I got 3x 4"+ Channa Pulchra selling for $50. Take all 3 for $140. Max size is 10-12 inches. They are easy to breed just like convict cichlids and prefer planted tanks as they color up more.


----------



## beN (Apr 21, 2010)

Earl,

My co-worker Levi may want these.
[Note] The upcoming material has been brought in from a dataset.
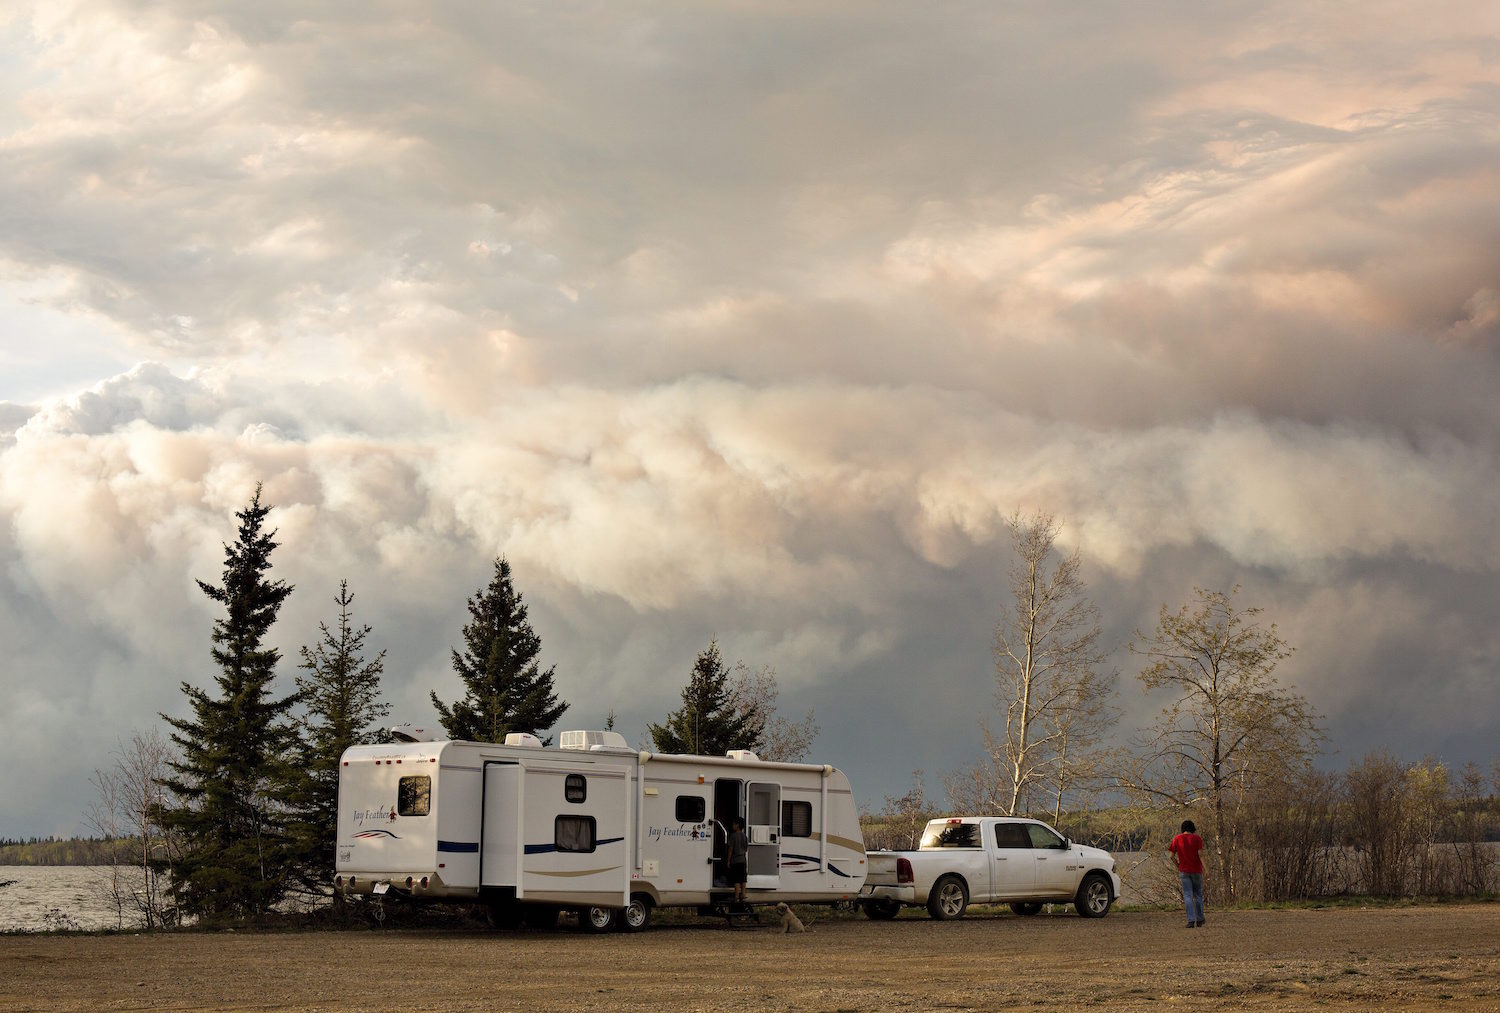 Evacuees camp by a lake as smoke fills the sky near Fort McMurray, Alberta, on Wednesday, May 4, 2016. Alberta declared a state of emergency Wednesday as crews frantically held back wind-whipped wildfires. No injuries or fatalities have been reported. (Jason Franson/The Canadian Press via AP) MANDATORY CREDIT
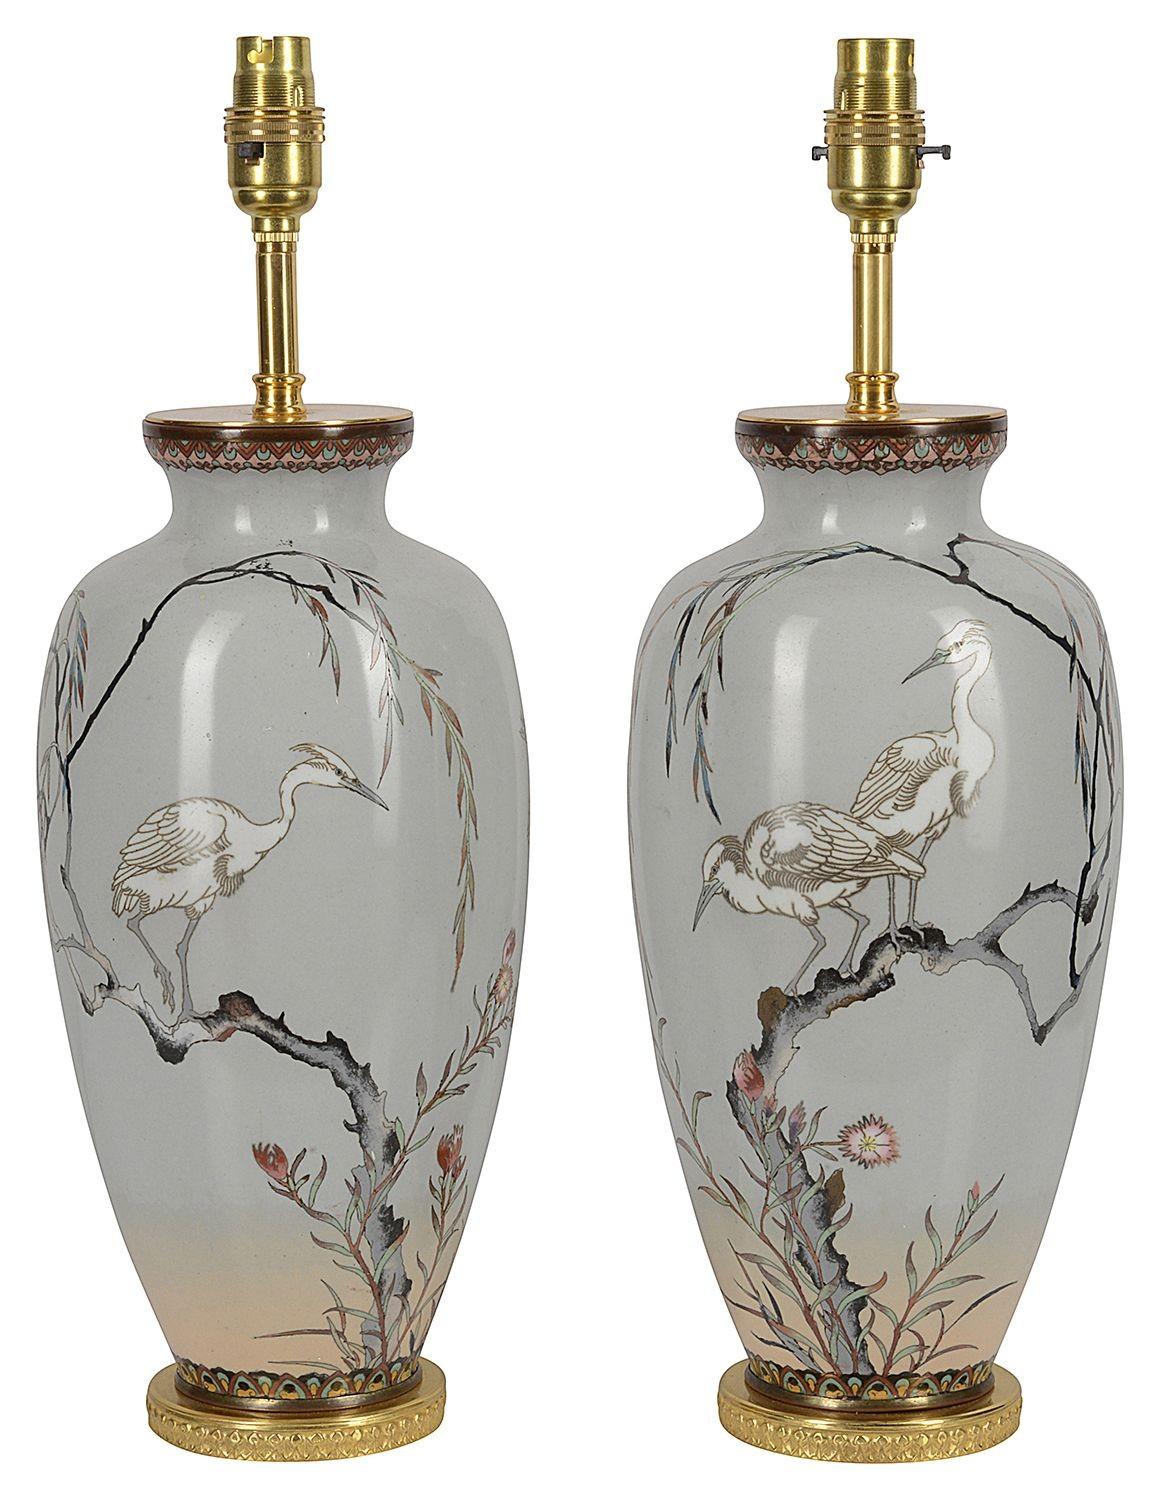 A fine quality pair of Japanese Meiji period (1868-1912) Cloisonné enamel vases, each having a Grey colour ground with wonderful Herons perched on trees with flowers and foliage around them, boarders to the top and bottom of classical motif

I will have an answer for you tomorrow morning.

Ben


----------



## Chronick (Apr 27, 2010)

they are amazing fish when they mature, gl


----------



## King-eL (Apr 21, 2010)

Chronick said:


> they are amazing fish when they mature, gl


Thanks for posting a nice pics!


----------



## beN (Apr 21, 2010)

darn he wasn't interested..sorry EL!


----------



## King-eL (Apr 21, 2010)

Pulchras on hold


----------



## King-eL (Apr 21, 2010)

Back on sale


----------



## King-eL (Apr 21, 2010)

bump!!!!!!!!


----------



## King-eL (Apr 21, 2010)

Final price drop. Now at $50 each and $140 for all 3. If no takers they will become feeders as I'm going for vacation by December and no one's gonna take care of them.


----------



## King-eL (Apr 21, 2010)

Sold Now!!!!!


----------